Employment Contracts

As of March 31, 2010, we had entered into written employment agreements with each of our executive officers, except for Mr. Quicke, our Interim President and CEO, based on an assessment of competitive market terms and a determination of what is needed to attract and retain the executive officers. These employment agreements provide that if such officer is terminated other than for “cause” (which includes violation of material duties, refusal to perform his/her duties in good faith, breach of his/her employment agreement or employee proprietary information agreement, poor performance of duties, arrest for a felony or certain other crimes, substance abuse, violation of law or our policy, prolonged absence from duties or death), he or she is entitled to receive (1) his or her unpaid base salary and unused vacation benefits he or she has accrued prior to the date of his or her termination; (2) a one-time payment equal to 12 months of base salary for Mr. Sundaresh, and nine months of base salary for Ms. Dotz, and Messrs. Lowe and Noellert, plus an additional week of base salary for each year of service beyond three years of service with the Company; (3) outplacement services in an amount not to exceed $10,000 for Messrs. Sundaresh and Lowe or $5,000 for Ms. Dotz and Mr. Noellert; and (4) reimbursement for coverage for the executive officer and his or her dependents under ADPT’s health, vision and dental insurance plans pursuant to COBRA for a 12-month period for Mr. Sundaresh, and a nine-month period for Ms. Dotz and Messrs. Lowe and Noellert following the termination of employment. The Committee (including its predecessors) selected these amounts at the time these executives were hired by us (or promoted to an executive position) based on its reasoned judgment, including considering prior practice within ADPT, information gathered from outplacement companies and, for agreements entered into after the Committee retained Compensia in January 2007, severance data provided by Compensia.

Employment agreements for Ms. Dotz and Mr. Noellert had a three-year term.

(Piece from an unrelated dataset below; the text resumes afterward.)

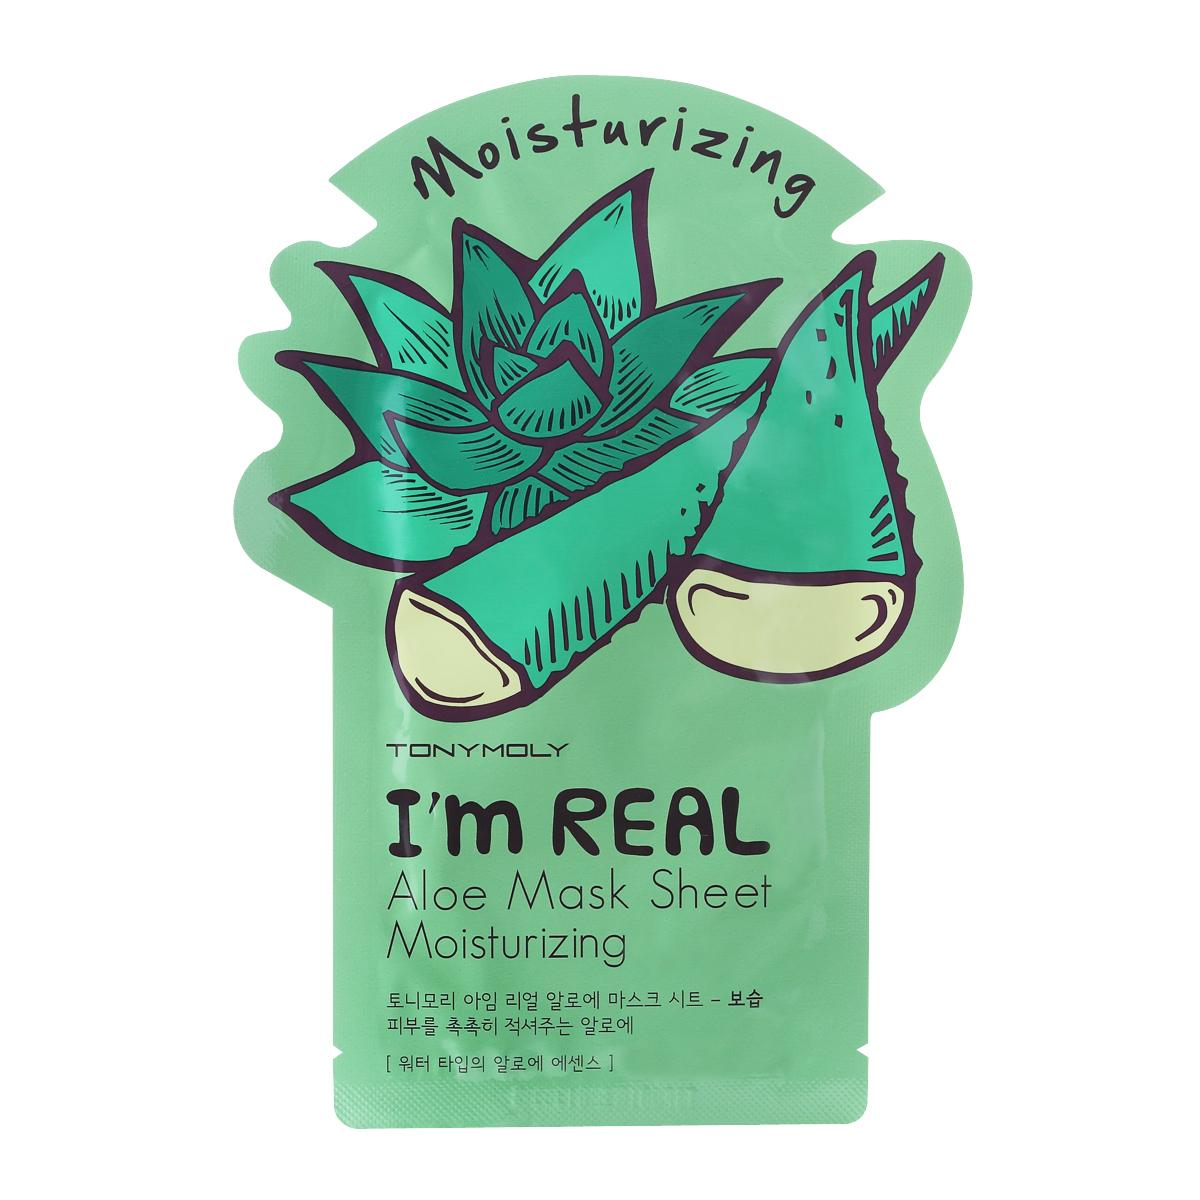 TonyMoly Тканевая маска с экстрактом алое Im Real Aloe Mask Sheet, 21 млFS-00103Увлажняющая маска с экстрактом алоэ создана специально для кожи, нуждающейся в интенсивном питании и увлажнении. Экстракт алоэ успокаивает раздраженную кожу, снимает покраснения, шелушения и раздражения. Кроме алоэ, в состав маски входит большое количество минералов, витаминов и аминокислот, которые улучшают кровообращение, обладают бактерицидным действием и уменьшают проявление угрей и прыщей. Маска подходит для любой кожи, нуждающейся в интенсивном увлажнении и питании. Не содержит парабенов, талька и искусственных красителей. Марка Tony Moly чаще всего размещает на упаковке (внизу или наверху на спайке двух сторон упаковки, на дне банки, на тубе сбоку) дату изготовления в формате: год/месяц/дата.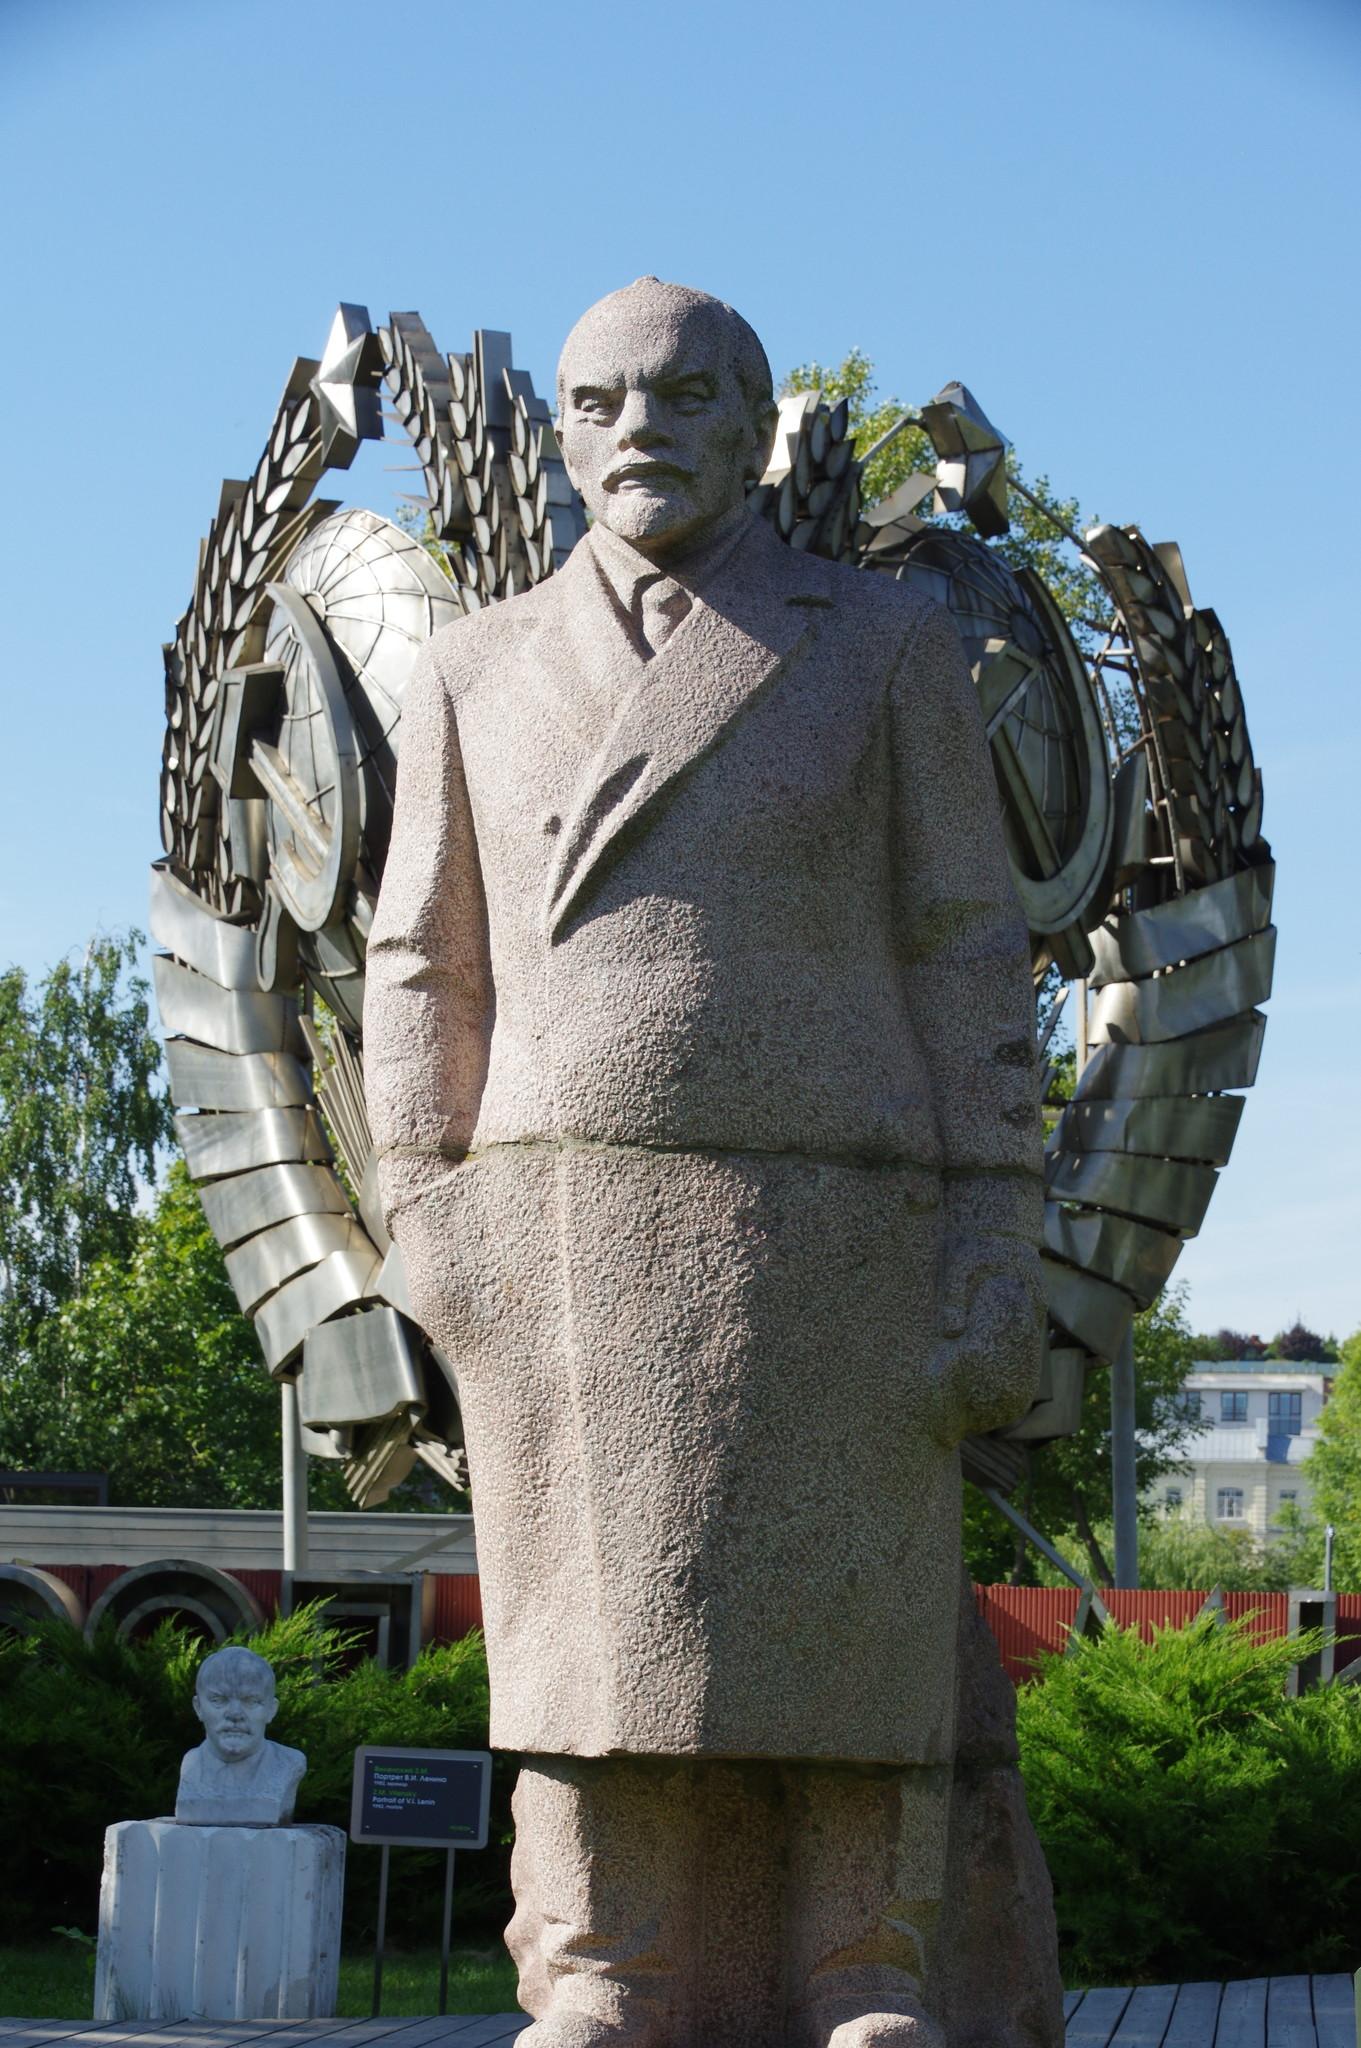 Ленин. 1970-е. Гранит. Чазов В.Д. Парк искусств «Музеон»

Employment agreements for Messrs. Sundaresh and Lowe did not have a term limit because they were given prior to term limit implementation by the Committee. Each of the employment agreements of Messrs. Sundaresh, Lowe and Noellert and Ms. Dotz also allow for the granting of stock options and stock awards under the 2004 Equity Incentive Plan as deemed appropriate by ADPT’s CEO and/or the Board. In addition, the employment agreement for Ms. Dotz provides for: (i) the payment of a $25,000 retention bonus on each of October 1, 2008 and April 1, 2009 if she is an active employee of us on those dates, (ii) an option to purchase 125,000 shares of our common stock at a price equal to the fair market value of our common stock on the date of grant, vesting with respect to 25% of the underlying shares on the first anniversary of Ms. Dotz’s hire date and with respect to the balance of the shares in equal quarterly installments over the following 36 months of service and (iii) a restricted stock award of 50,000 shares, 50% of which will vest on the first anniversary of her hire date and the remaining 50% of which will vest on the second anniversary of her hire date.

Mr. Sundaresh’s employment with us was terminated effective as of January 4, 2010. In connection with his termination, the Company and Mr. Sundaresh agreed upon the following severance arrangement in consideration of Mr. Sundaresh signing a general release in favor of us (collectively, the “Separation Agreement”): (1) a lump-sum severance payment equal to $460,000, less applicable taxes and withholdings; (2) reimbursement of COBRA premium benefit payments for up to one year or until January 31, 2011; (3) acceleration of 398,334 unvested stock options, which became immediately vested and exercisable on January 4, 2010; (4) the exercisability of all vested stock options on January 4, 2010 will be extended to the later of six months after a closing of a Sale of Operations or September 30, 2010, unless the term of the option expires prior to any of those dates; (5) acceleration of 50,000 unvested restricted stock awards on January 4, 2010; (6) cancellation of 175,000 unvested restricted stock units on January 4, 2010; and (7) reimbursement up to $10,000 for legal fees incurred in connection with negotiating the Separation Agreement.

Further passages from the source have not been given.